**TASK DATA:**
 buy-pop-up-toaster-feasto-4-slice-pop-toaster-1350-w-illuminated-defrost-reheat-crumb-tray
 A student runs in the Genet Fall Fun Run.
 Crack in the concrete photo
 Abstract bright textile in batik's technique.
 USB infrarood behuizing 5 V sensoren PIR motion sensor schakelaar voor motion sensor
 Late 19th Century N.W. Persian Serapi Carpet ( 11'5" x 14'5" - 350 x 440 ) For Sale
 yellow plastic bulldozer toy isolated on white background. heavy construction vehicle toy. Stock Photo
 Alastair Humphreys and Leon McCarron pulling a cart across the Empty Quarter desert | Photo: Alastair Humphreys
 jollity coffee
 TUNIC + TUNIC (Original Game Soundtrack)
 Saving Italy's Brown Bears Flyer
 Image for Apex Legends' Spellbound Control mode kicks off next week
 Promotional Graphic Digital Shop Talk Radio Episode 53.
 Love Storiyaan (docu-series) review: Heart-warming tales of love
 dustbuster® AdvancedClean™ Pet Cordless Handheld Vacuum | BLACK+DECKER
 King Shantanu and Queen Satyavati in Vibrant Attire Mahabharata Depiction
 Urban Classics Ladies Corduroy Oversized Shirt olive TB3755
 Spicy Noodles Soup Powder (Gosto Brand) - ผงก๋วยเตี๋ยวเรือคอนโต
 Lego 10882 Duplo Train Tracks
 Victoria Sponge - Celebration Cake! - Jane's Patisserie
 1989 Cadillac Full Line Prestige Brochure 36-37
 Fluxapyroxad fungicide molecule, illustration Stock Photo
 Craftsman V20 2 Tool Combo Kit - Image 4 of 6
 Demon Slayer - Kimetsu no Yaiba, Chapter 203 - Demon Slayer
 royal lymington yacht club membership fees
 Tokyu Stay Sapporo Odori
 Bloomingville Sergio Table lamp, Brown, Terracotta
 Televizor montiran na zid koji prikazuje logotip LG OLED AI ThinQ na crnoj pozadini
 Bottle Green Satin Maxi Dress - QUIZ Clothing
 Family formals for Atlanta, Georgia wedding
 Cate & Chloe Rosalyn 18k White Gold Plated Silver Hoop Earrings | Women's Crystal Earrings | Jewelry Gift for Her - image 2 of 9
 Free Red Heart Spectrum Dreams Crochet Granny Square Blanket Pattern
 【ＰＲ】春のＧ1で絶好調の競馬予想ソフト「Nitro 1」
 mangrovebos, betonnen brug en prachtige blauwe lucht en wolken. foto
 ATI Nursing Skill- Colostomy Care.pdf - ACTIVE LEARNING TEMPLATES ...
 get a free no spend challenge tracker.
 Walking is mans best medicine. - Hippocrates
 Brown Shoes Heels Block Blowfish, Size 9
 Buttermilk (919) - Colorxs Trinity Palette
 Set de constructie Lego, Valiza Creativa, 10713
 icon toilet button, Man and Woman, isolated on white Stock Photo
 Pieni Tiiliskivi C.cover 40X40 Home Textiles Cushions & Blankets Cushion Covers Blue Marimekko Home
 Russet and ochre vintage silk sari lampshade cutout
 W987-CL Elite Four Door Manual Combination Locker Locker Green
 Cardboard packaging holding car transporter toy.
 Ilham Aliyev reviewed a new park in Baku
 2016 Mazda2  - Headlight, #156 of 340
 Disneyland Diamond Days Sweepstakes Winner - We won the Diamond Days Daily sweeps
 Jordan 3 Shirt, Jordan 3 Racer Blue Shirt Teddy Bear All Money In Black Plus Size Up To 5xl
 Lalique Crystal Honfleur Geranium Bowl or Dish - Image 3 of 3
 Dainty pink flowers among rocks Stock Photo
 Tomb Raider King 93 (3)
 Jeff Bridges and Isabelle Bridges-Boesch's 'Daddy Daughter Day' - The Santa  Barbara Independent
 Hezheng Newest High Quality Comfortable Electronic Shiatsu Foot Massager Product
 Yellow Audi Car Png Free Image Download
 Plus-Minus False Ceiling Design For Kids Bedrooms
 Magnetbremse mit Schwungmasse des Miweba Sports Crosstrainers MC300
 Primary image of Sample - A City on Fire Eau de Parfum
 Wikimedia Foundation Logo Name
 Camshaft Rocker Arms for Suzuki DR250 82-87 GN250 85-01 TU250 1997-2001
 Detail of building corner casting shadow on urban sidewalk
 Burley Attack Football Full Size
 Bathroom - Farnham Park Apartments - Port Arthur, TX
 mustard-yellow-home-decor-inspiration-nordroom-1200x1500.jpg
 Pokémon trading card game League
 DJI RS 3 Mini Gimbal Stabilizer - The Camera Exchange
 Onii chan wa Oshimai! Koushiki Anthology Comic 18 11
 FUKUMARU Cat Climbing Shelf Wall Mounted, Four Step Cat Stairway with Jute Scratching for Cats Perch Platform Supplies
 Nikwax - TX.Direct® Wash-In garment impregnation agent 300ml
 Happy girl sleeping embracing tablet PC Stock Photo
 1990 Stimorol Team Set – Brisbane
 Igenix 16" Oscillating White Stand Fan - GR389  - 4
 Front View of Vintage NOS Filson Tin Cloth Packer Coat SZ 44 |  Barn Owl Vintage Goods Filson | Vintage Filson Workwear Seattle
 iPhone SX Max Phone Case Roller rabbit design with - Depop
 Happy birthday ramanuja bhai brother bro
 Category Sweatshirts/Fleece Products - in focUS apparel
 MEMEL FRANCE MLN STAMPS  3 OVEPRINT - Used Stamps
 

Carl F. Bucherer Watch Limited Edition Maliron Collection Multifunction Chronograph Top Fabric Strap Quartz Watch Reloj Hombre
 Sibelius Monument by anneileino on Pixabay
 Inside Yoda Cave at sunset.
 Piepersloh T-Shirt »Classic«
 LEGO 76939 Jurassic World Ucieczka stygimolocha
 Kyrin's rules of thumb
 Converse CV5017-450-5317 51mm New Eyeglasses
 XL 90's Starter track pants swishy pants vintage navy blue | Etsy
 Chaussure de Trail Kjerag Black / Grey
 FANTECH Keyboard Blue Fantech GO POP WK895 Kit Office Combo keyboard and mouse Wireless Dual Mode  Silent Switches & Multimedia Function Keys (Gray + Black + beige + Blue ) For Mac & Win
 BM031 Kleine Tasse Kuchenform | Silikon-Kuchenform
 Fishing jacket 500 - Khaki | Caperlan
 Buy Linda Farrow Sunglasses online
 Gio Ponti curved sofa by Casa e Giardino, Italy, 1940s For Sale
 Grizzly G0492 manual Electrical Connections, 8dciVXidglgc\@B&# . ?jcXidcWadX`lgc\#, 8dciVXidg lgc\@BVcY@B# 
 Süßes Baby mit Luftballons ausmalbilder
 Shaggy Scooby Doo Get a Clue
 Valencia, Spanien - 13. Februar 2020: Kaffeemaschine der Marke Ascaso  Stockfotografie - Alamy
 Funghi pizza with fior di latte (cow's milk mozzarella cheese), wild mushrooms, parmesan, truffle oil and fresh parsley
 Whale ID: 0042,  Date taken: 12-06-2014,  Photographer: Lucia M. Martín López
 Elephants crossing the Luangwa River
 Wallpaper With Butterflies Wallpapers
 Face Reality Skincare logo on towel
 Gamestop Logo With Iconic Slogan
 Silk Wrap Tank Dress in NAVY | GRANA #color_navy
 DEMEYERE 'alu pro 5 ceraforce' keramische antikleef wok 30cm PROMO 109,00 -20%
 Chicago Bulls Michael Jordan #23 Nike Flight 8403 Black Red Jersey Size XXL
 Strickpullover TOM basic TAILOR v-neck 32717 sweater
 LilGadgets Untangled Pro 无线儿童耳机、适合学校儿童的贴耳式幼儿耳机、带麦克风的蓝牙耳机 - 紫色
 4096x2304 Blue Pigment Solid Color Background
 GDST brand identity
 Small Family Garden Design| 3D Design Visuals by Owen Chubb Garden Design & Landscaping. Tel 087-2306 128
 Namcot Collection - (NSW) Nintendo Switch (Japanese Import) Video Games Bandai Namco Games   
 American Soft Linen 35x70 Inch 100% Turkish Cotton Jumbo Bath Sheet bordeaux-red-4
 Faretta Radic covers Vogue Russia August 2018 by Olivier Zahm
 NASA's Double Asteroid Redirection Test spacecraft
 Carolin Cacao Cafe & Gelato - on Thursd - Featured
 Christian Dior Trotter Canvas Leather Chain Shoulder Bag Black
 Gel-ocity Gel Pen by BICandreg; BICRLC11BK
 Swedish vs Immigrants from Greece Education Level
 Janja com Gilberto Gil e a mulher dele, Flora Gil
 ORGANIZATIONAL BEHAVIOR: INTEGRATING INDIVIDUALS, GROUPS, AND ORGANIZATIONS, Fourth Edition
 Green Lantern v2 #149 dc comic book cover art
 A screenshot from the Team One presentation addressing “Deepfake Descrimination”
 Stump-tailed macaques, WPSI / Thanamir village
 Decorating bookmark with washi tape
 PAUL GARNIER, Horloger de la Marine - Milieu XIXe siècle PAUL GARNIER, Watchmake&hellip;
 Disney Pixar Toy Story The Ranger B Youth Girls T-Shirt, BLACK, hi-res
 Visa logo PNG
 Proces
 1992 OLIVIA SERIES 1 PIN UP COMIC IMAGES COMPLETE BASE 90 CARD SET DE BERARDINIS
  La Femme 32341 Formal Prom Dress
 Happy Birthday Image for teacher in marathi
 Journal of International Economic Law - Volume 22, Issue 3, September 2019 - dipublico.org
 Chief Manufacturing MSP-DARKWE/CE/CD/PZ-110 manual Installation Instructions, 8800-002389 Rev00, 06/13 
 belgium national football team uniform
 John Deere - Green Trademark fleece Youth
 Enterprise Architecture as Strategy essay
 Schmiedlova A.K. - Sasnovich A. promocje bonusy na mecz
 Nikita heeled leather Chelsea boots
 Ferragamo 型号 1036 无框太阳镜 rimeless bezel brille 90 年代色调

**HOW TO COMPLETE THIS TASK:** Copy word for word the stretch of entries above from the line that has "Late 19th Century" through the line that has "Set de constructie", both ends included, and nothing outside it.

**SOLUTION FOR THIS PROBLEM:**
 Late 19th Century N.W. Persian Serapi Carpet ( 11'5" x 14'5" - 350 x 440 ) For Sale
 yellow plastic bulldozer toy isolated on white background. heavy construction vehicle toy. Stock Photo
 Alastair Humphreys and Leon McCarron pulling a cart across the Empty Quarter desert | Photo: Alastair Humphreys
 jollity coffee
 TUNIC + TUNIC (Original Game Soundtrack)
 Saving Italy's Brown Bears Flyer
 Image for Apex Legends' Spellbound Control mode kicks off next week
 Promotional Graphic Digital Shop Talk Radio Episode 53.
 Love Storiyaan (docu-series) review: Heart-warming tales of love
 dustbuster® AdvancedClean™ Pet Cordless Handheld Vacuum | BLACK+DECKER
 King Shantanu and Queen Satyavati in Vibrant Attire Mahabharata Depiction
 Urban Classics Ladies Corduroy Oversized Shirt olive TB3755
 Spicy Noodles Soup Powder (Gosto Brand) - ผงก๋วยเตี๋ยวเรือคอนโต
 Lego 10882 Duplo Train Tracks
 Victoria Sponge - Celebration Cake! - Jane's Patisserie
 1989 Cadillac Full Line Prestige Brochure 36-37
 Fluxapyroxad fungicide molecule, illustration Stock Photo
 Craftsman V20 2 Tool Combo Kit - Image 4 of 6
 Demon Slayer - Kimetsu no Yaiba, Chapter 203 - Demon Slayer
 royal lymington yacht club membership fees
 Tokyu Stay Sapporo Odori
 Bloomingville Sergio Table lamp, Brown, Terracotta
 Televizor montiran na zid koji prikazuje logotip LG OLED AI ThinQ na crnoj pozadini
 Bottle Green Satin Maxi Dress - QUIZ Clothing
 Family formals for Atlanta, Georgia wedding
 Cate & Chloe Rosalyn 18k White Gold Plated Silver Hoop Earrings | Women's Crystal Earrings | Jewelry Gift for Her - image 2 of 9
 Free Red Heart Spectrum Dreams Crochet Granny Square Blanket Pattern
 【ＰＲ】春のＧ1で絶好調の競馬予想ソフト「Nitro 1」
 mangrovebos, betonnen brug en prachtige blauwe lucht en wolken. foto
 ATI Nursing Skill- Colostomy Care.pdf - ACTIVE LEARNING TEMPLATES ...
 get a free no spend challenge tracker.
 Walking is mans best medicine. - Hippocrates
 Brown Shoes Heels Block Blowfish, Size 9
 Buttermilk (919) - Colorxs Trinity Palette
 Set de constructie Lego, Valiza Creativa, 10713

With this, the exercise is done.